I got this question from a reader who told me “well, I understand clearly that with the law of attraction, in term of relationships, sometimes when we don’t love ourselves enough, we can attract the bad boy, but does that also apply to friendship? Is there a risk of attracting the wrong friends? I feel, since a few months, that is since I am working on myself, not comfortable at all with some of my relationships. Is it the change that frightens them, or is it my personality that bothers them the most? I’m not sure exactly what’s happening”.

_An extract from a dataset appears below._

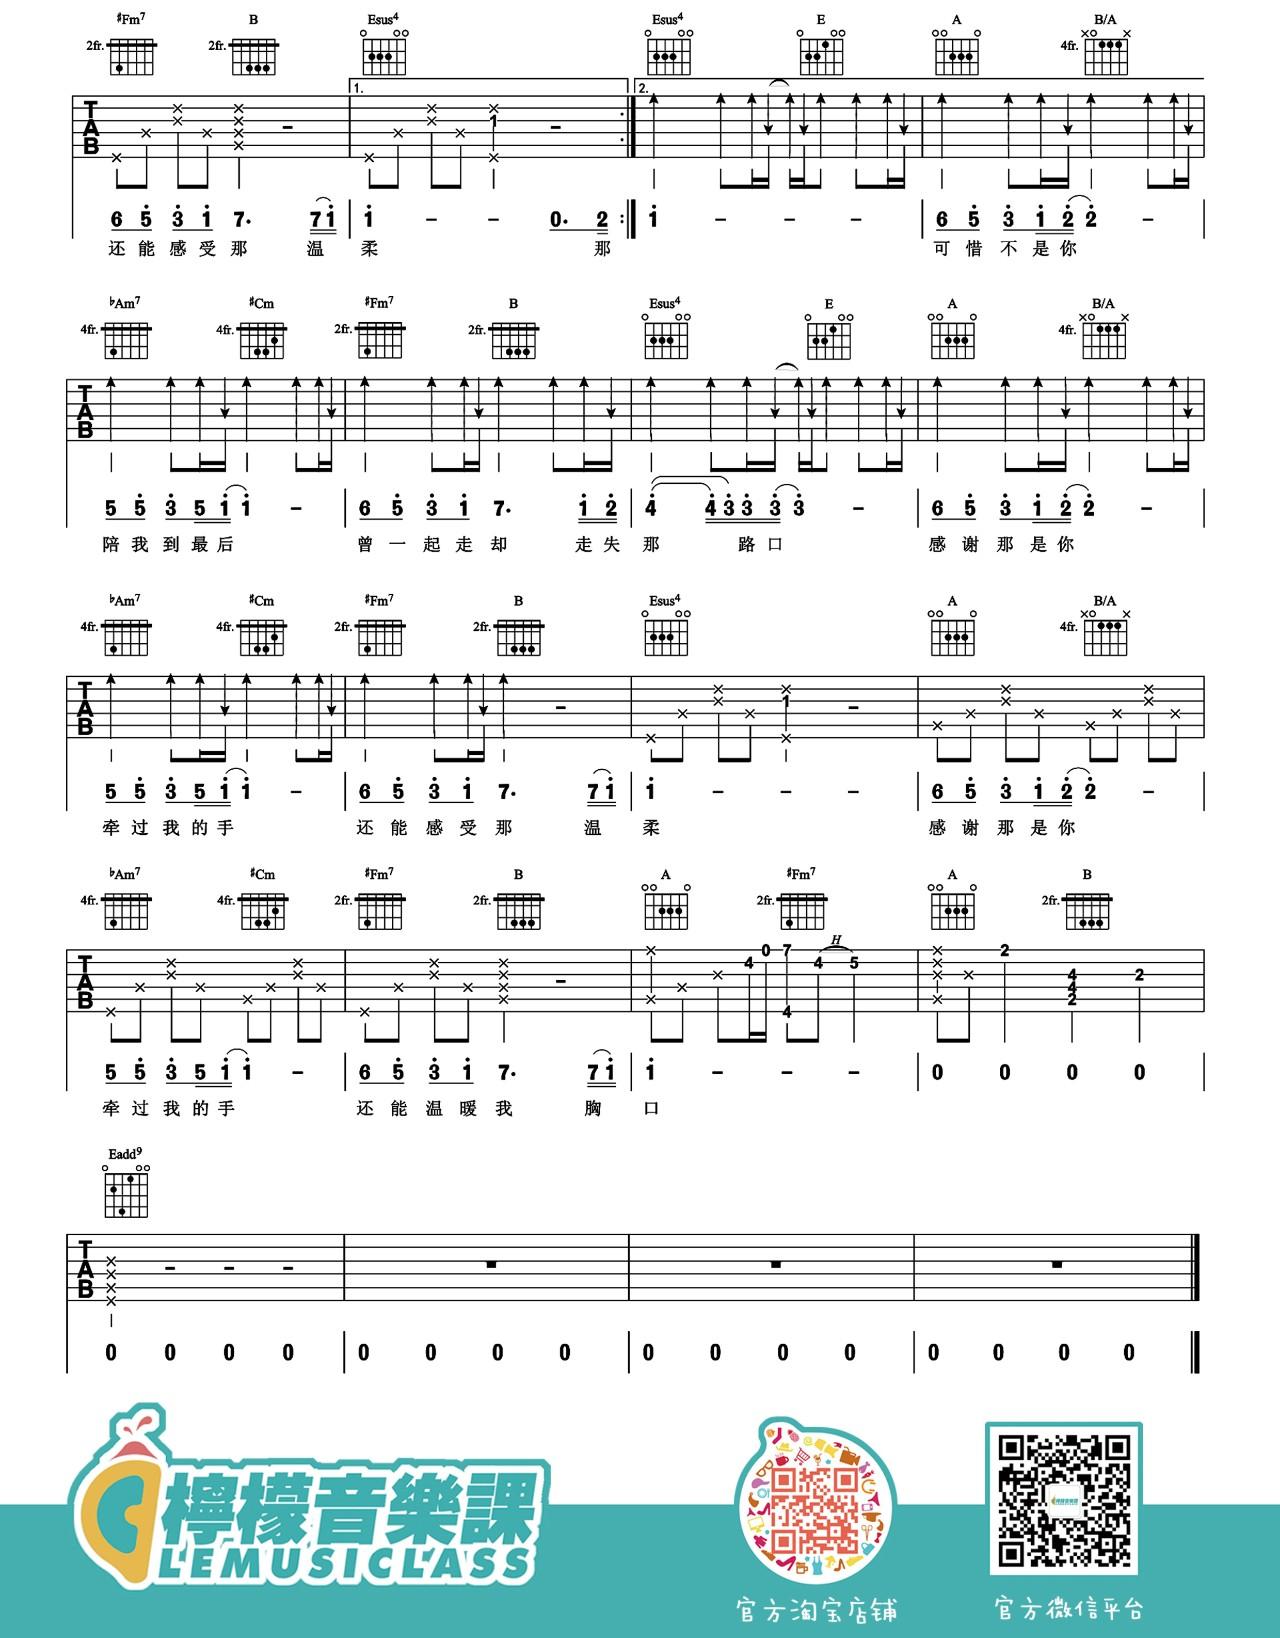 吉他派《可惜不是你》吉他谱-3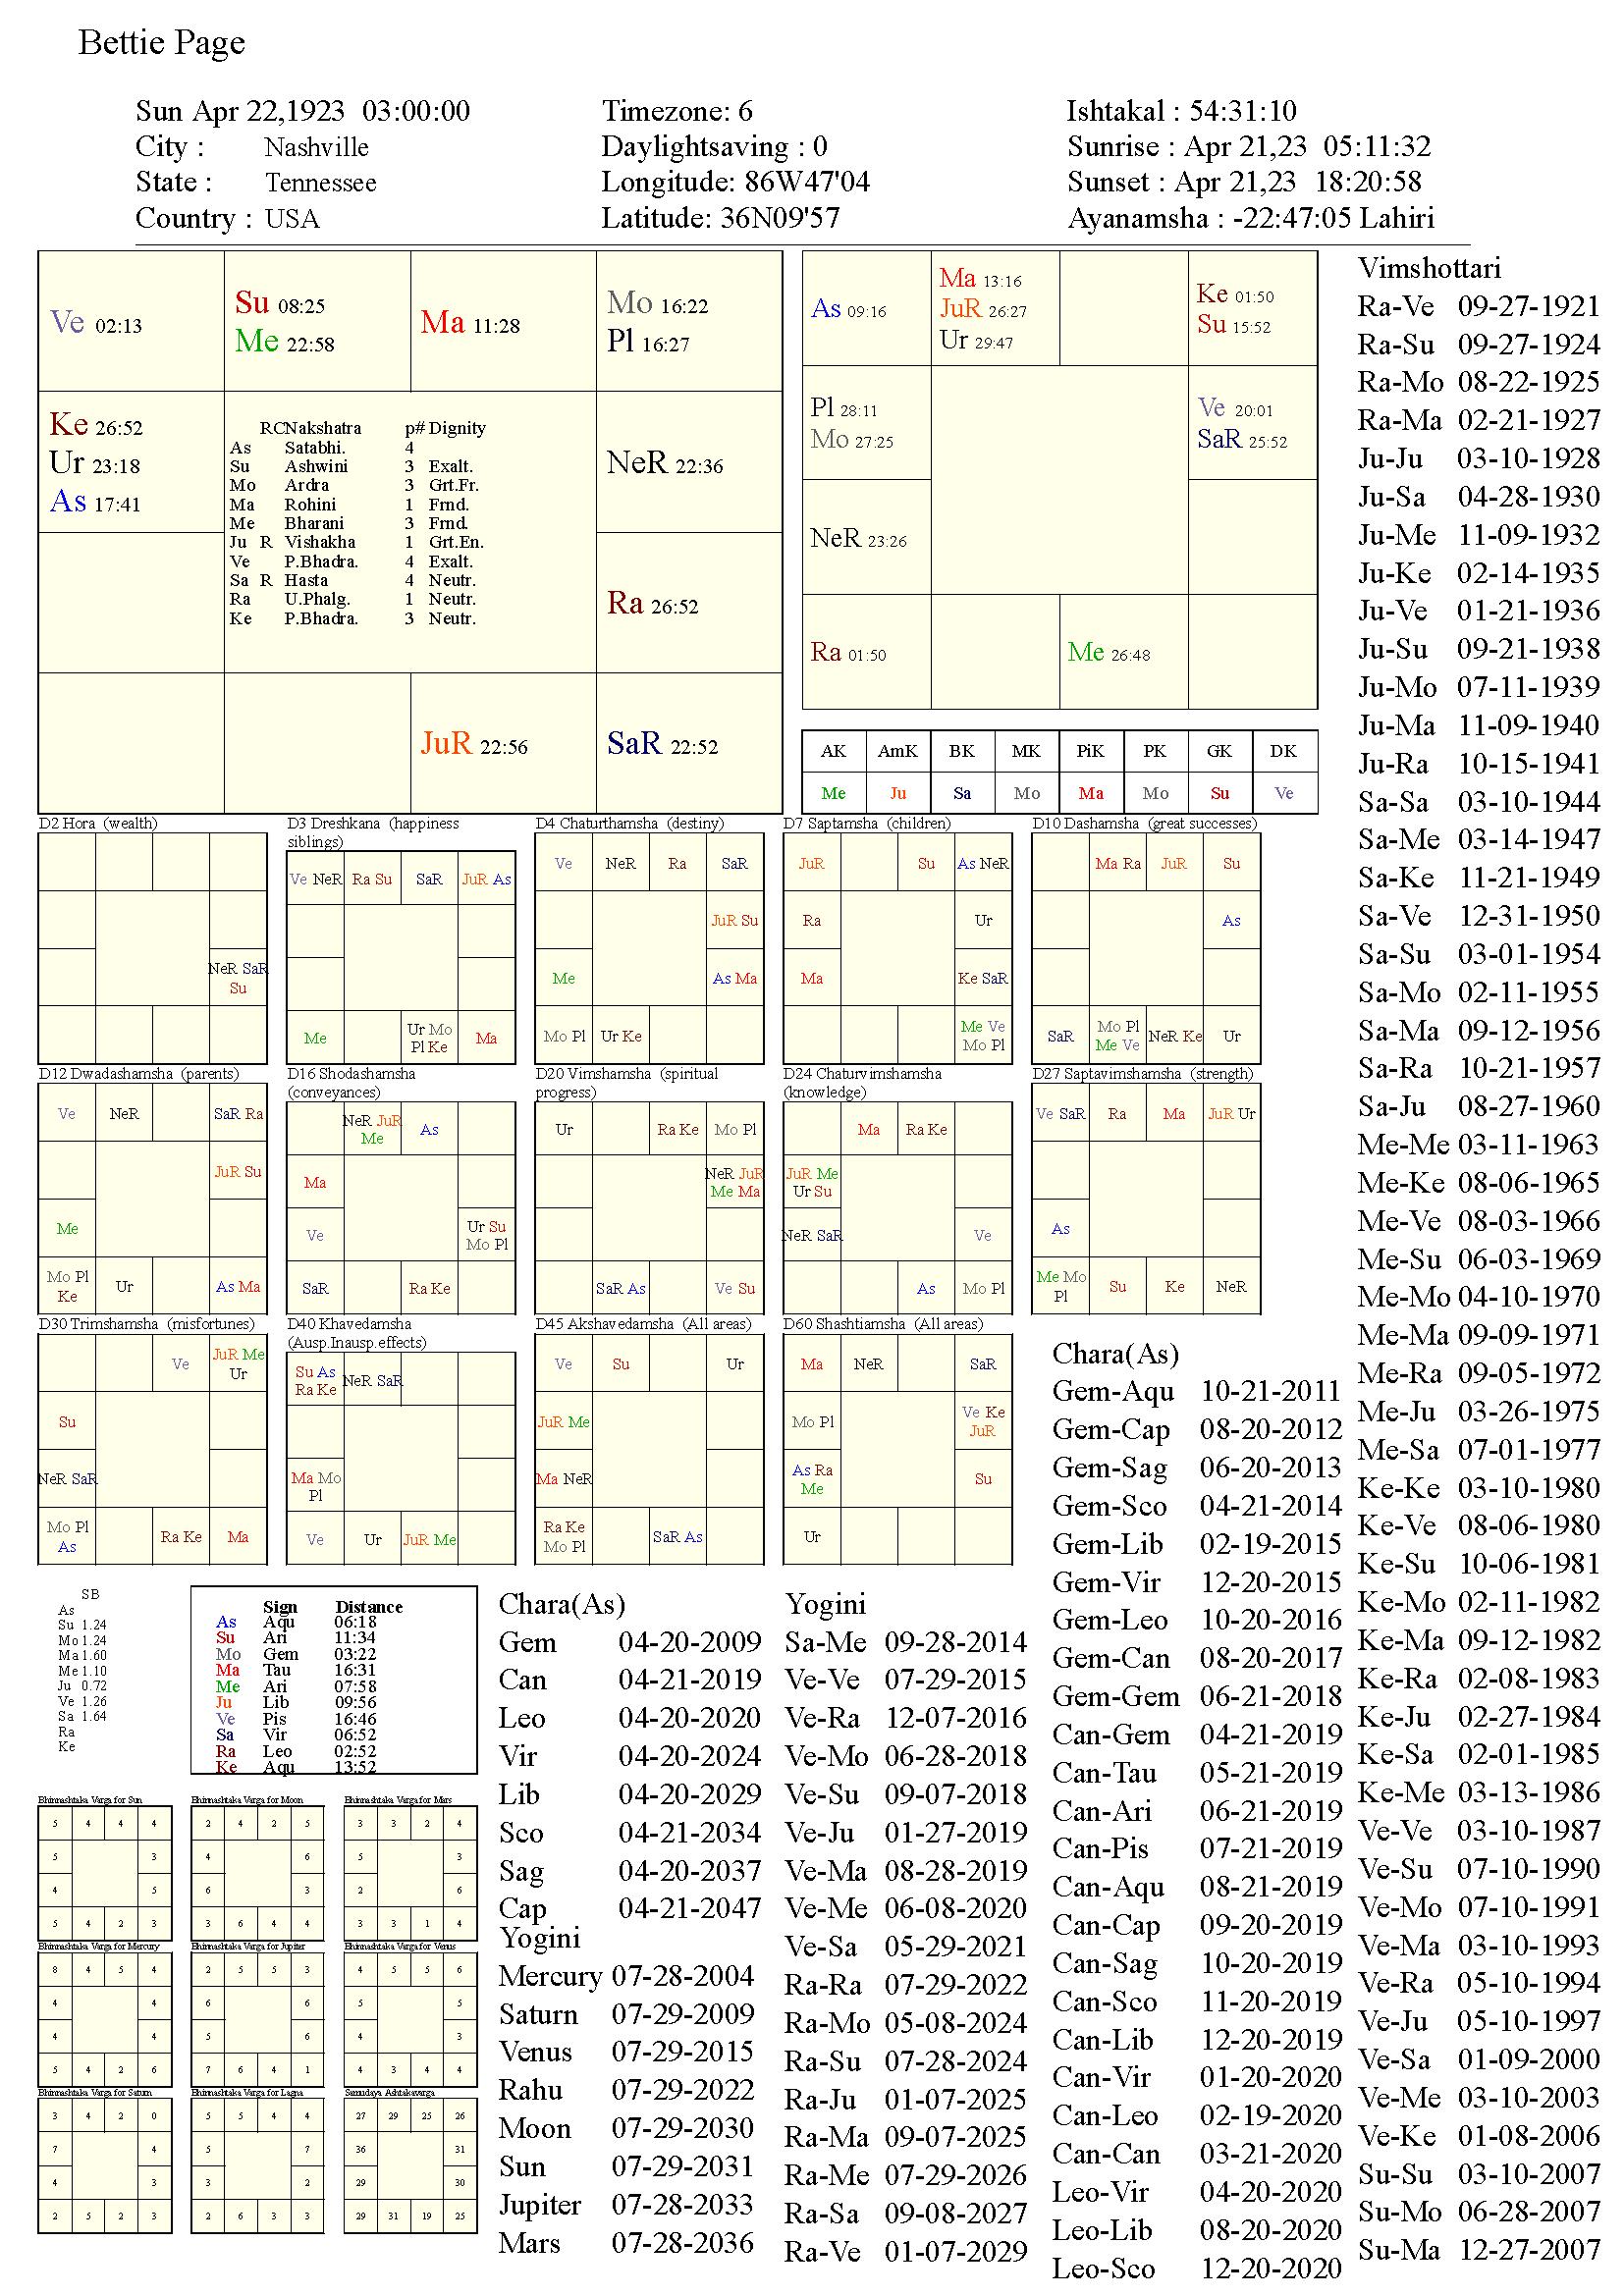 bettiepage_chart

So, to answers those two questions, first of all, yes, of course you attract the friends that you think you deserve, as in love. It is more or less the same for friendships, it is more or less the same for work relations also. At work, you will attract people that, in fact, vibrate on the same frequencies as you. When you are negative, you attract negative people and so, when you are positive, you attract people increasingly positive. What is interesting is that – it happens in most cases – when people are doing a work on themselves, they begin to work on the law of attraction, using my method or really taking classes to get better and really have a positive life, have a fullfiling life, well there are two things that happen. Either, the people that were negative around them disappear, do not give signs of life – it is kinda strange, but it happens; suddenly, phew, they evaporate – or they will, of course, there will be clashes. Why? Because the other has not change, so therefore the other expects that your personality, your way of being stays the same as before. So, they do not understand that suddenly you are becoming a positive person, they are not longer able, in fact, to identify with your way of being.

So, effectively, often, we lose a lot – we don’t lose in fact, our relations change when we improve. I was going to say “we lose people”, but we do not lose anyone because we never had them in the beginning. But, actually, there are relations that change. So, we must expect that, and then, we are not able anymore to be in negative environments; it is also a thing that happens when we love ourselves more and more, when our self-esteem raises, when our self-love raises, increases, we are not able to be in some negative ambiences anymore, we are not able to be treated negatively, we accept much less unacceptable actions, indeed, that we accepted previously because we didn’t have the courage to say what we thought. So, we have more courage to say that it doesn’t suit us. And then, of course, sometimes, to some people, it doesn’t make sense to say that it doesn’t suit – so then, there, for sure, they will go.

There, I hope it helps to answer this question. So, it is not your personality that bothers them – maybe it simply bothers them because you have now become positive and they remained as they were. There! Thank you for your question and I wish you the best in everything!